Penyokong gerakan geger pacino memang pengusaha besar Cina. Rata-rata barisan pemberontakan di Kartasura ini berkulit kuning. Maka Raden Garendi mendapat gelar Sunan Kuning. Gerakan pemberontak cukup gawat. Untuk sementara waktu Raden Mas Garendi berhasil menduduki ibukota Kartasura. Para pendukung pemberontakan ini menobatkan Raden Mas Garendi sebagai Sri Susuhunan Amangkurat V. Hanya saja geger pacino itu mengalami gagal visi misi saat menduduki istana Kartasura. Raden Mas Garendi saat masuk kraton Surakarta tanggal 1 Oktober 1743. Tiga bulan kemudian yaitu pada tanggal 15 Januari 1744 kraton Surakarta kembali ke tangan Sinuwun Paku Buwono II. Setahun kemudian boyong kedaton dari Kartasura ke Surakarta Tahun 1745.

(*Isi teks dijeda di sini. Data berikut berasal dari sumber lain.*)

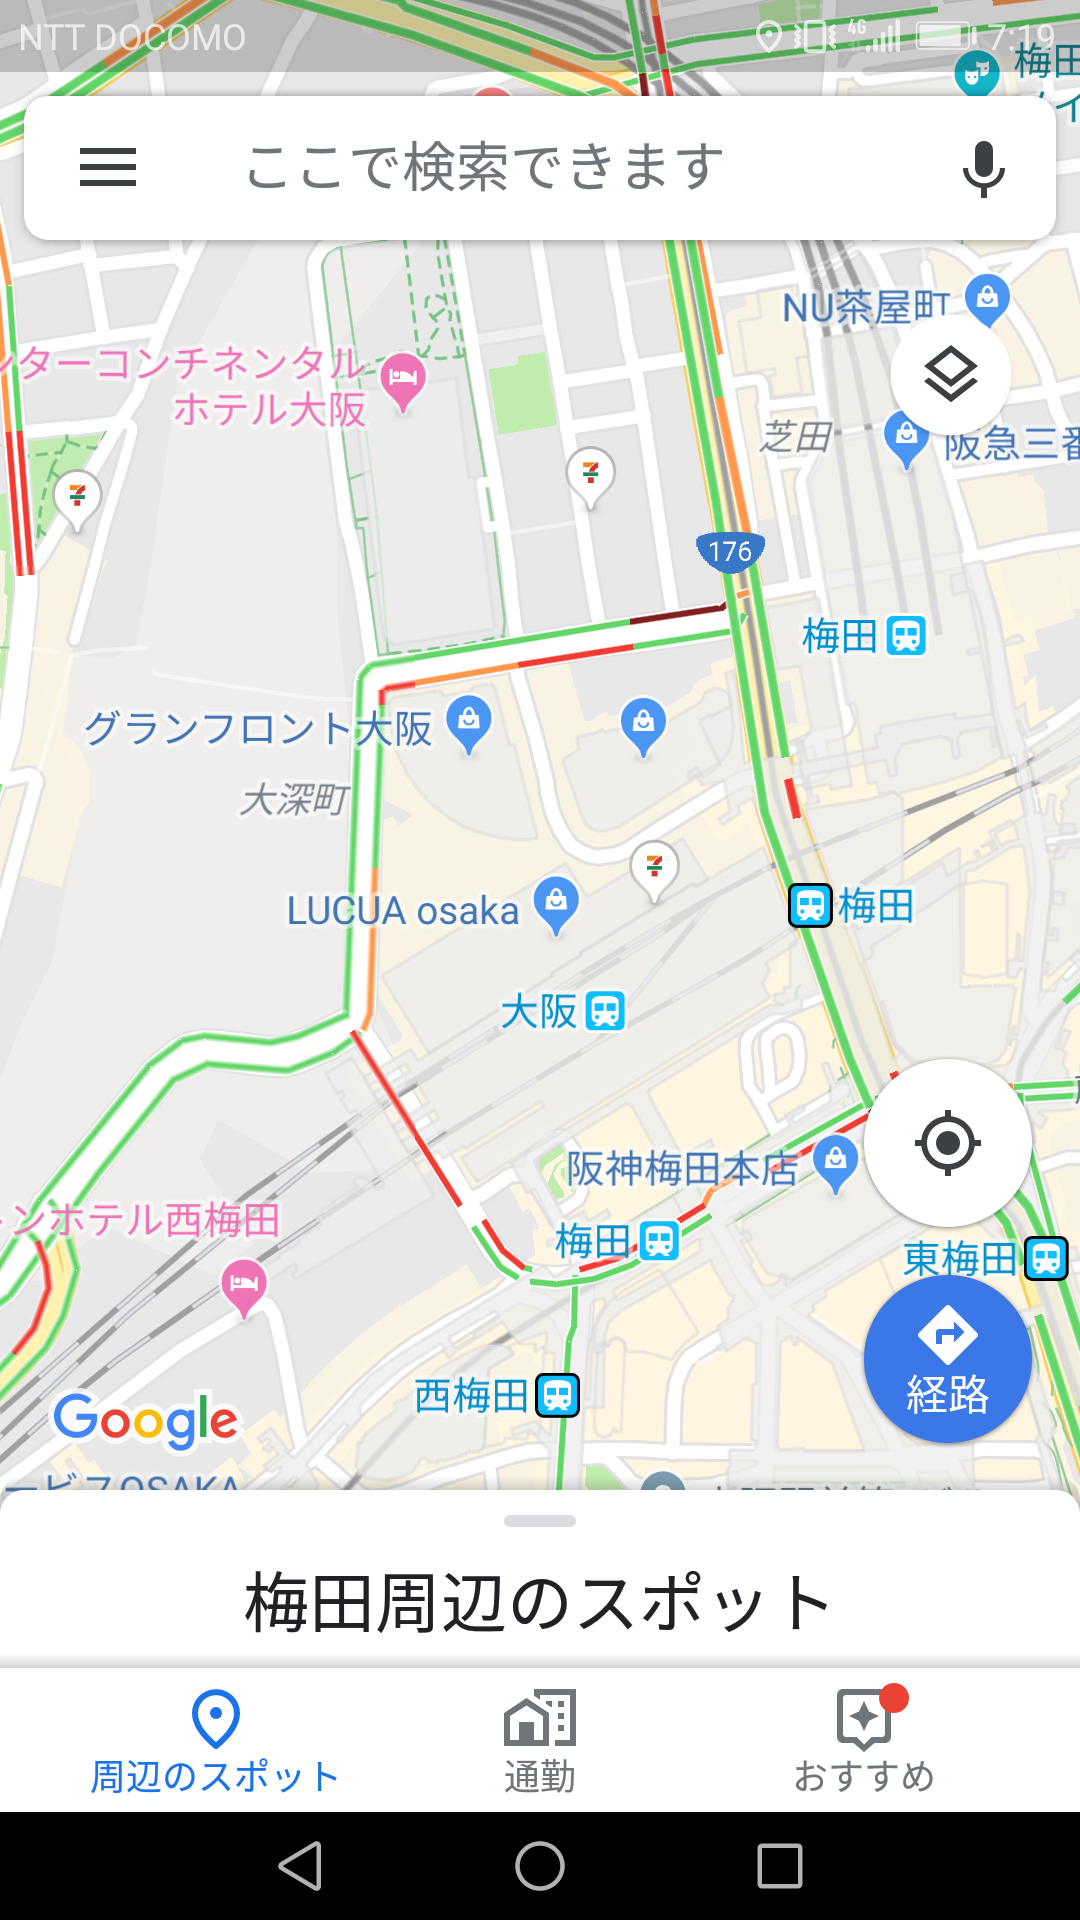 Google-traffic-umeda

Luka akibat geger pacino bagi warga Lasem Rembang tentu tidak menguntungkan. Pada tahun 1759 Sri Susuhunan Paku Buwono III hadir di kota Lasem. Di sana beliau meresmikan pemugaran bangunan Klenteng Ci An Kiong, Klenteng Po An Bio, Klenteng Gie Yong Bio. Tempat ibadat umat Budha itu dipugar oleh Kraton Surakarta Hadiningrat demi membuat kedamaian. Geger pacino pelan pelan terlupakan. Hidup mereka pulih lagi. Di tempat lain Sinuwun Paku Buwono III juga berkunjung di Wihara Ratanawana, bukit Teluang Sendangcoyo. Jadwal kunjungan juga di Wihara Karunia Dharma. Warga Cina Lasem yang menganut Budha kembali ayem tentrem hidup aman damai.
Kemajuan Rembang atas sokongan keraton Surakarta Hadiningrat terjadi pada tahun 1883. Atas usul Sinuwun Paku Buwono IX dibangun sarana Transportasi kereta api. Orang Jawa menyebut Sepur. Kereta api melintasi jalur Juwana Rembang Lasem. Kemakmuran rakyat semakin meningkat. Peningkatan kesejahteraan terjadi lagi p ada tahun 1900 dengan ditambah jalur kereta api yang melewati Rembang, Semarang. Begitulah dinamika peradaban yang tumbuh di kabupaten Rembang.
Dari Kadipaten Lasem menjadi kabupaten Rembang sesungguhnya telah menambah kekayaan peradaban. Warga kabupaten Rembang boleh bangga bahwa nenek moyang telah mewarisi budaya tinggi sebagaimana ungkapan negara kang gedhe obore, padhang jagade, dhuwur kukuse, adoh kuncarane, ampuh kaprabawane.
C. Para Bupati Lasem Rembang yang Mengantarkan Masa Kejayaan
1. Adipati Wirobrojo 1469-1492. Dilantik pada jaman pemerintahan Prabu Brawijaya V, raja Majapahit.
2. Adipati Wironagoro I 1492-1509. Dilantik pada jaman pemerintahan Raden Patah, raja Demak Bintoro.
3. Adipati Wironagoro II 1509-1531. Dilantik pada jaman pemerintahan Raden Patah, raja Demak Bintoro.
4. Adipati Wironagoro III 1531-1561. Dilantik pada jaman pemerintahan Sultan Trenggono, raja Demak Bintoro.
5. Adipati Santo Puspo 1561-1585. Dilantik pada jaman pemerintahan Sultan Hadiwijaya, raja Pajang.